JPH0287676A - Floating gate type non-volatile memory - Google Patents

Abstract

PURPOSE:To obtain a highly reliable EEPROM with a simple manufacturing process by mounting a sidewall like erasable electrode at the side part of a floating gate through an insulating film. CONSTITUTION:Source and drain regions 3 and 4 are formed by an N-type diffusion layer at a field region surrounded with field oxide films 2 for element isolation. A floating gate 6 consisting of a polycrystal silicon layer is formed on a channel region through a gate oxide film 5 and a control gate 8 consisting of the polycrystal silicon layer is formed on the above floating gate through a layer insulation film 7. An oxide film 10 which is formed by oxidizing the polycrystal silicon layer of the gate 6 and has the film thickness of the order of 200Angstrom or less is provided between the floating and control gates 6 and 8. Further, an oxide film 11 which is formed by oxidizing a substrate 1 and has the film thickness of the order of 100Angstrom or less is provided between an erasable electrode 9 and the substrate 1.

Description

DETAILED DESCRIPTION OF THE INVENTION (Industrial Application Field) The present invention is an electrically writable and erasable nonvolatile memory
The present invention relates to a memory device called a flash EEPROM (EEPROM), and in particular to a memory device called a flash EEPROM.

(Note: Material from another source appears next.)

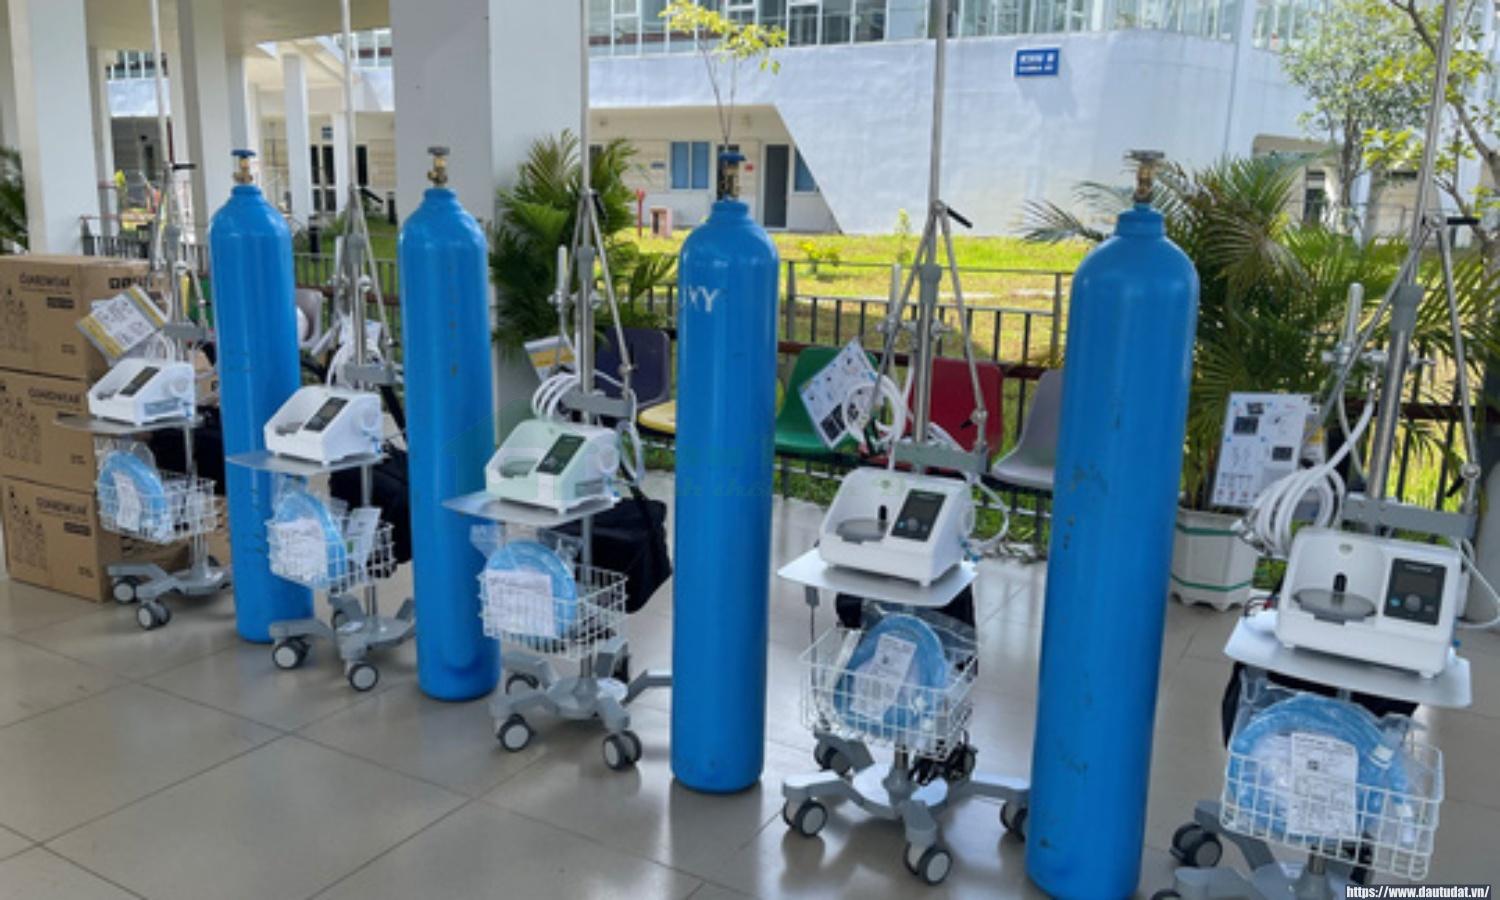 Quỹ Từ Thiện Kim Oanh Group hỗ trợ Bình Dương thêm 10 chiếc máy thở

(Prior Art) All flash EEPROMs have the same feature that writing is performed by injection of hot electrons from a channel, but different erasing mechanisms have been proposed.

One example of a flash EEPROM is a system in which electrons are extracted from a floating gate to the substrate side through a gate oxide film. In this method, the gate oxide film between the substrate and the floating gate must be thinned, which deteriorates the retention characteristics of written information and poses a reliability problem.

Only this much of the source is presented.